═════ Collected material
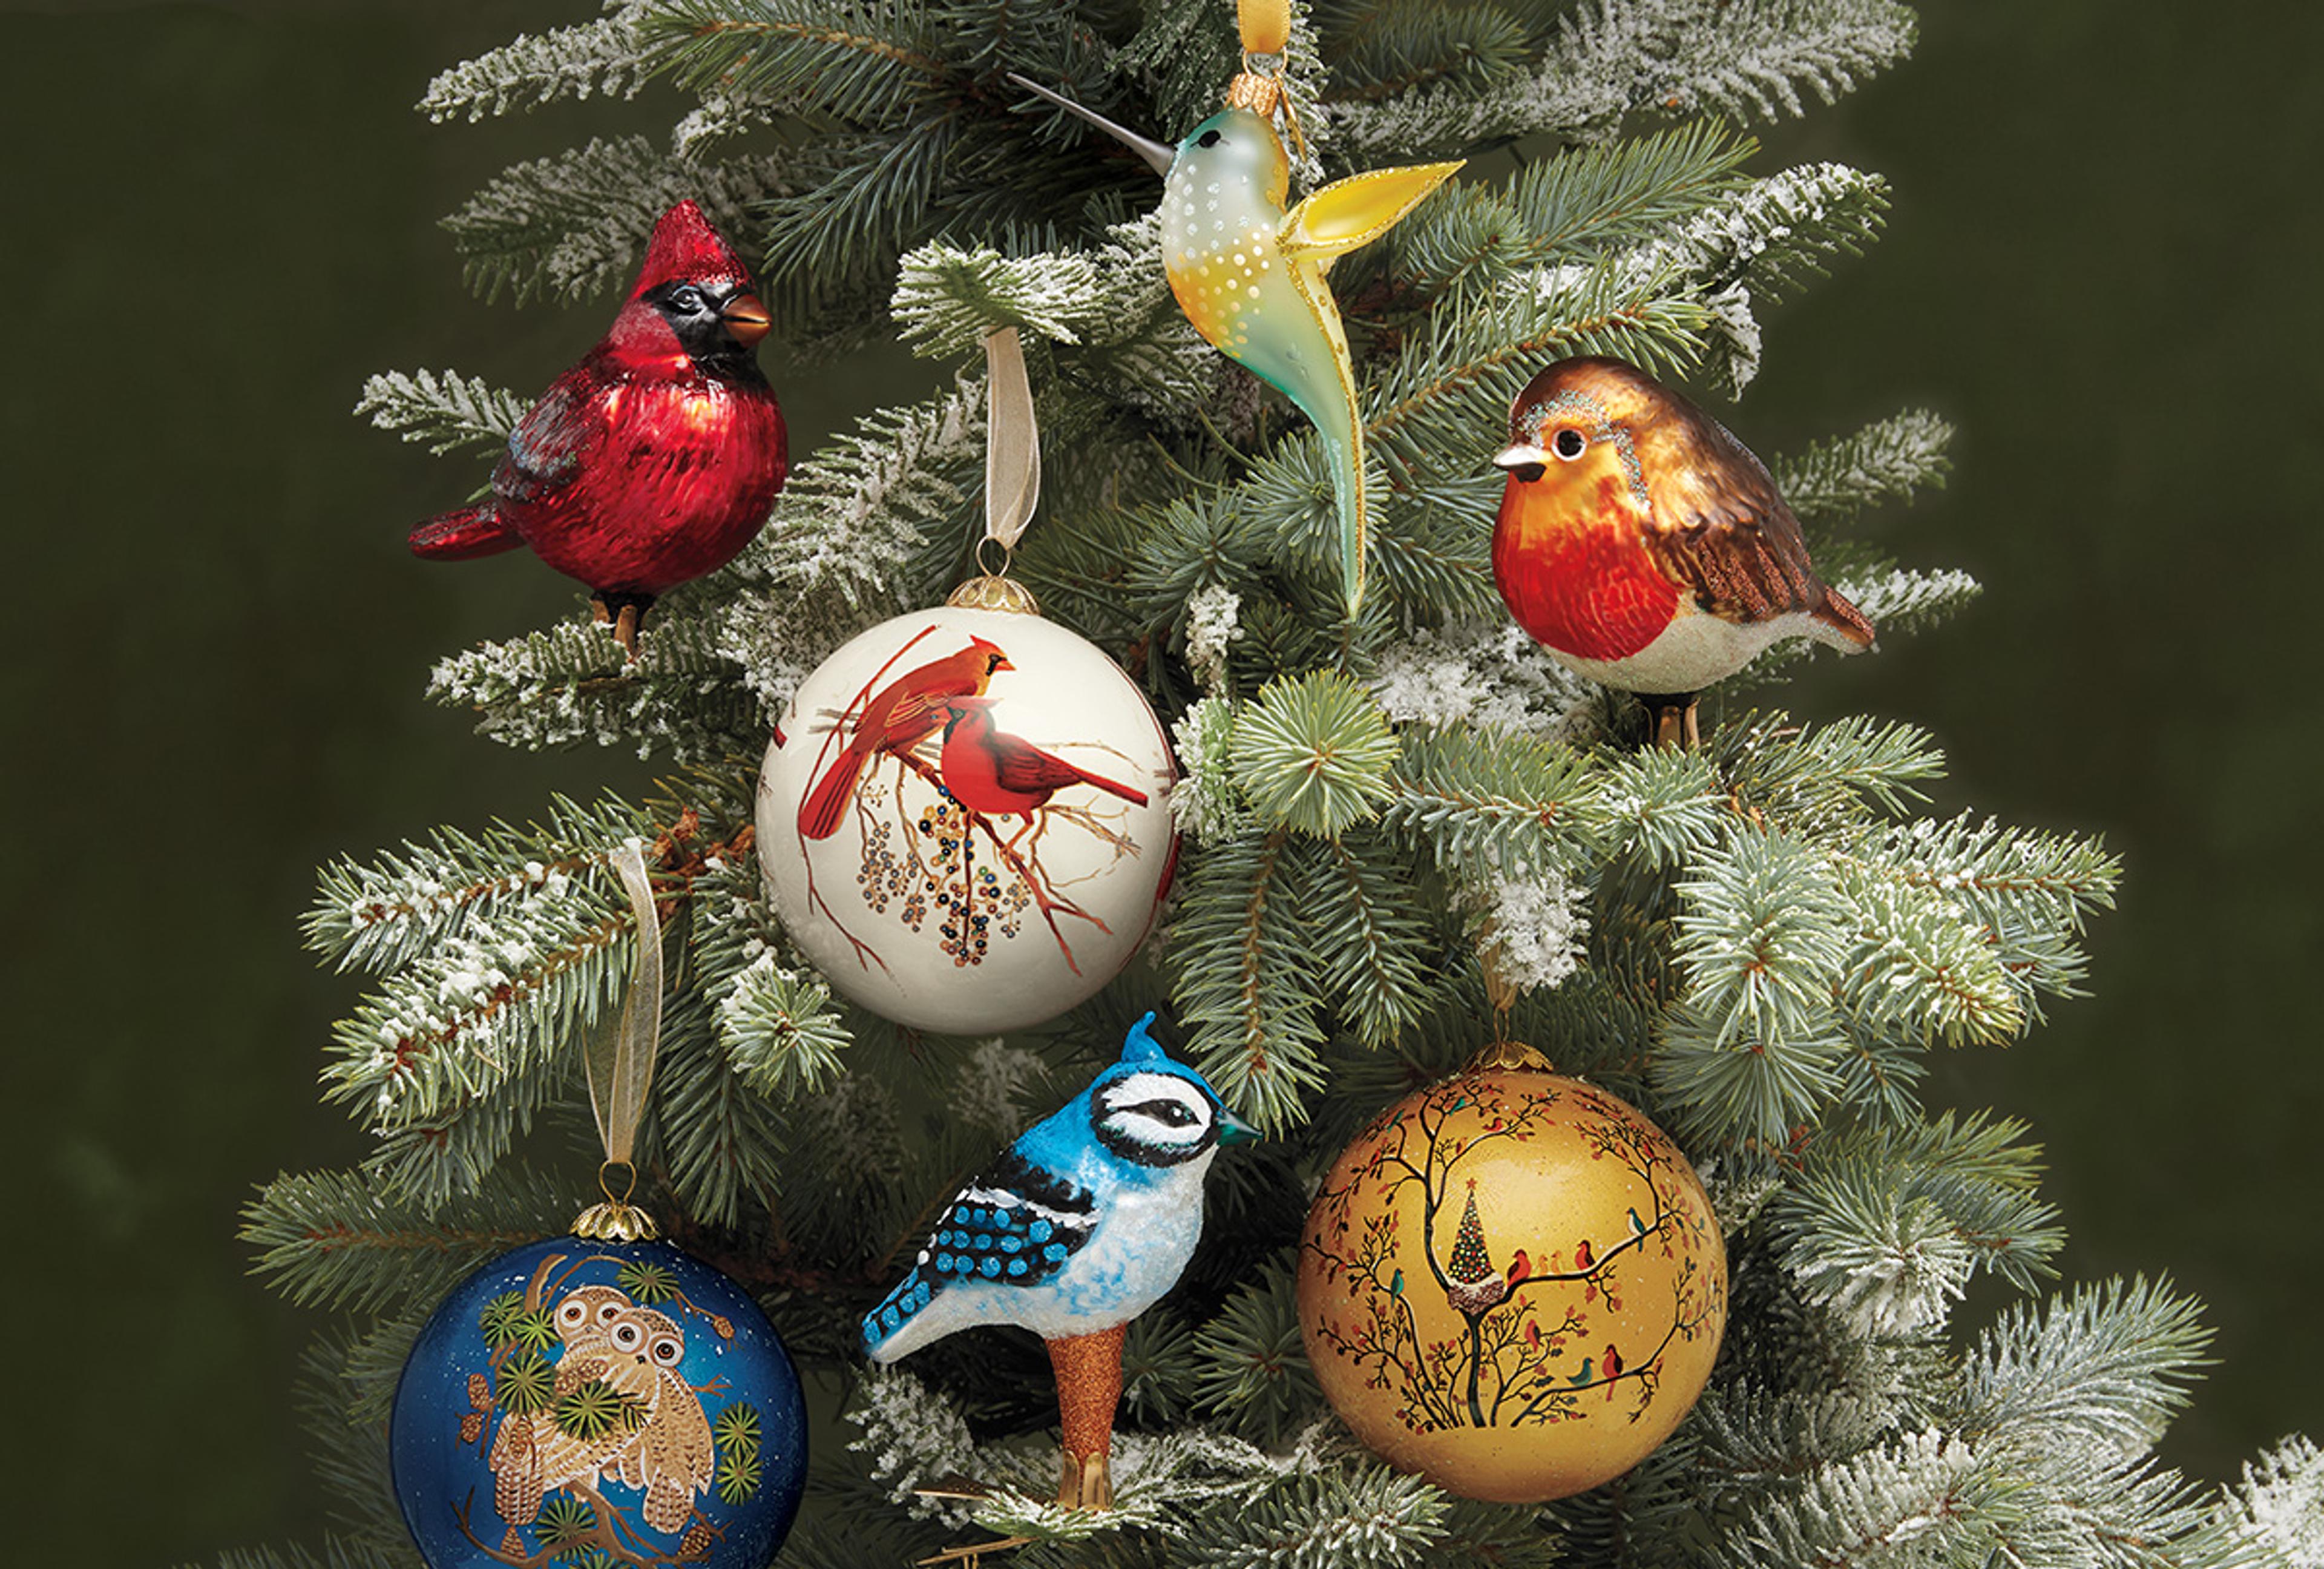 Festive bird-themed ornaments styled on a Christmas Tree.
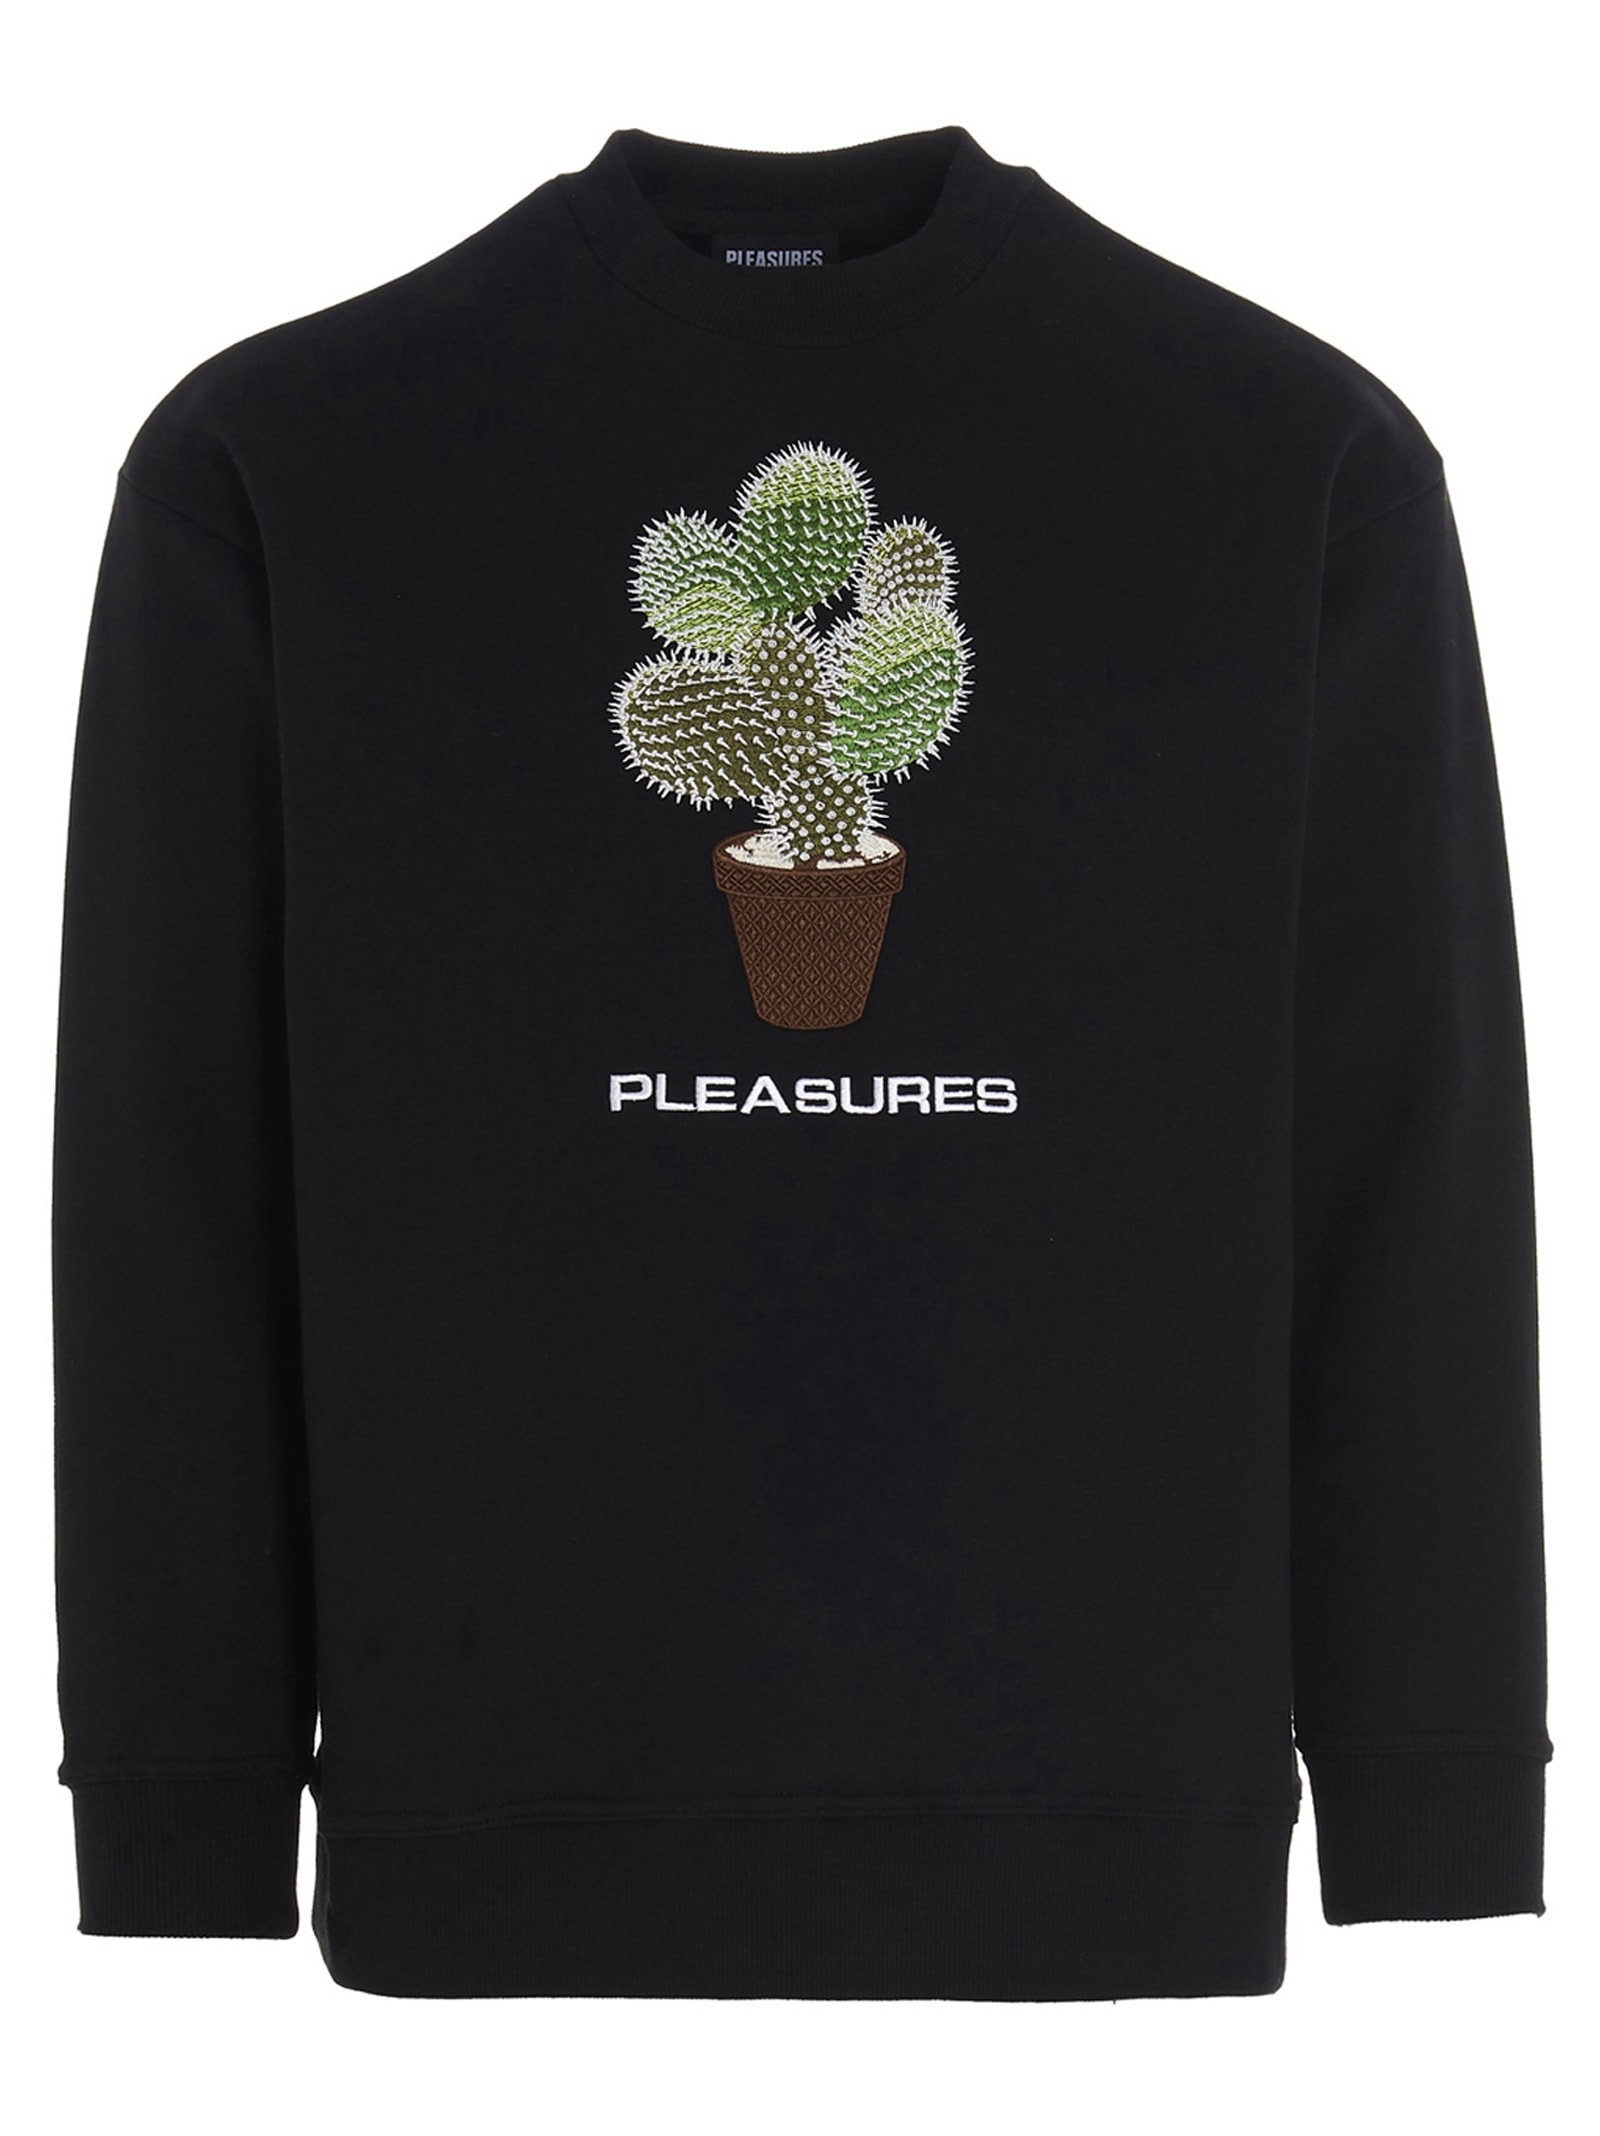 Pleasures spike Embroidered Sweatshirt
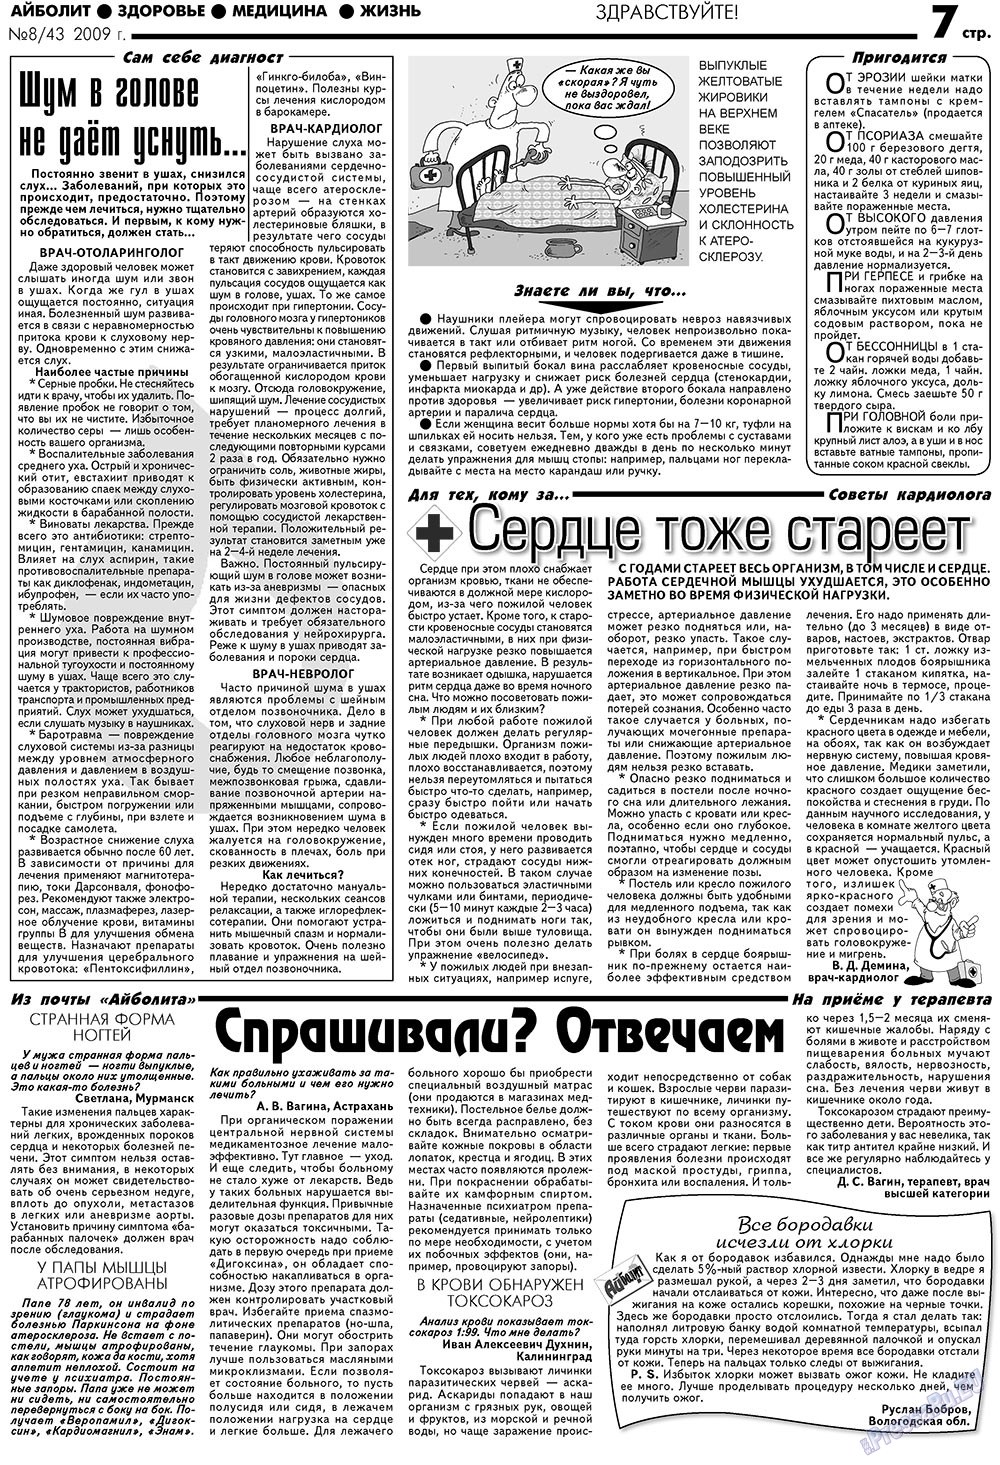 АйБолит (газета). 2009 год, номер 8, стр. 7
══════════
» **Aim of the task**
Drop the images; restate the listing exactly.

» **Result for this exercise**
 Festive bird-themed ornaments styled on a Christmas Tree.
 Pleasures spike Embroidered Sweatshirt
 АйБолит (газета). 2009 год, номер 8, стр. 7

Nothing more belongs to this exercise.